Just as an aside note, so many changes are occurring so rapidly with dosing and administration that checking the manufacturers website for update PI/ admin info can be helpful.
Well stated, Virginia!
An additional point- a more general one for PD-1 inhibitors, since so many changes are occurring so rapidly, checking the PI information on the manufacturers web site will provide the most up to date prescrbing and administration guidelines, and more changes are slated ahead!

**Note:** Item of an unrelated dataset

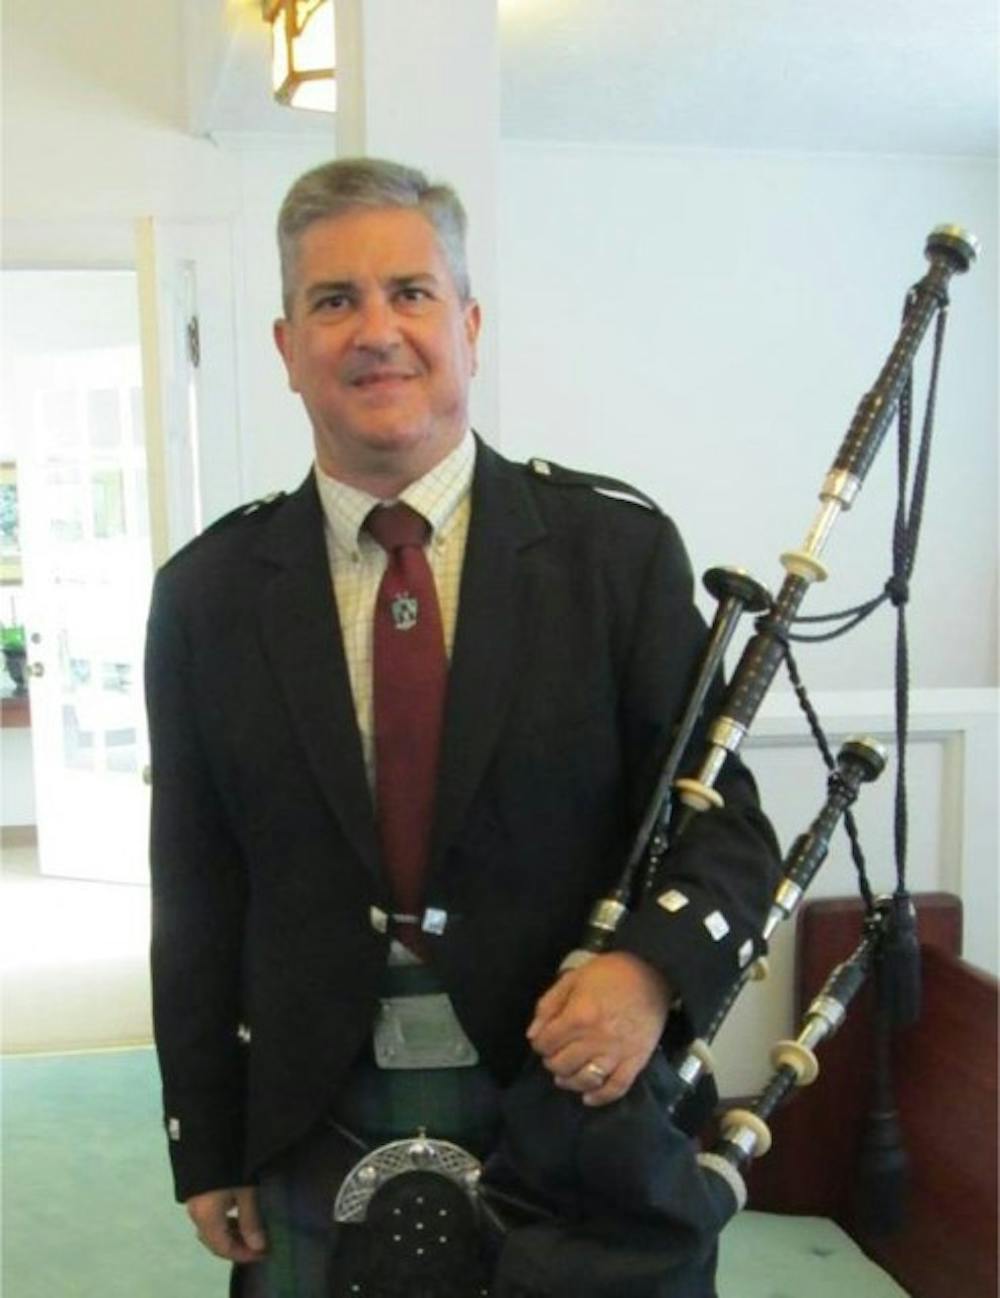 Bill Caudill will be playing the bagpipes at the Tales and Tunes of the Scottish Highlands event on March 23rd.&nbsp;Photo Courtesy of Bill Caudill.

These are tough situations with patients receiving adjuvant treatment. Just a few questions, has treatment been with held at all to allow time for resolution? What is the patients level of motivation to continue in light of this persistent irAE which is impacting QOL? Was Sjogren’s considered or investigated with labs?
So taking inventory that:
This irAE being one of the less common one but it is no less impactful that other irAE’s & we don’t know potential long term issues ( ie dental issues)
It can be difficult to treat and and have prolonged resolution
The pt is almost half finished with therapy
My thoughts are; this is adjuvant I would hold treatment allow all toxicity to resolve, let the patient regain the lost weight if appropriate and see if patient can be restarted on therapy to complete a 12 month course of therapy successfully.
Thanks for bringing this challenging case for discussion, Looking forward to your reply!
Our approach is consistent with Virgina’s. I will add that there are some centers which have guidelines to premed before therapies, several years ago when ICI’s were launced, it was identified that some community based centers were pre-meding prior to infusions of ICI’s. An emphasis of education and understanding of the mechanism of action of these agents was and continues to be underscored.
We have utilized both approaches, by using 1 syringe and changing the safety needle between injections and we have used several prefilled syringes for multiple tumors.Either approach is acceptable, it’s a matter of preference.
We too have had limited experience with T-VEC but of those patients, the only AE’s we observed were more consistent with flu like symptoms which were treated with benadryl, acetaminophen & sometimes prednisone, but typically for the first 24 hours after the injection. Regarding ocular herpes, my experiences with this is a compication typically associated with an outbreak of shingles along the ophthalmic or maxiallary dermatome which has impacted the eye, but none of these were related to T-Vec. It is possible to aquire a localized herpetic infection from other sources of contact.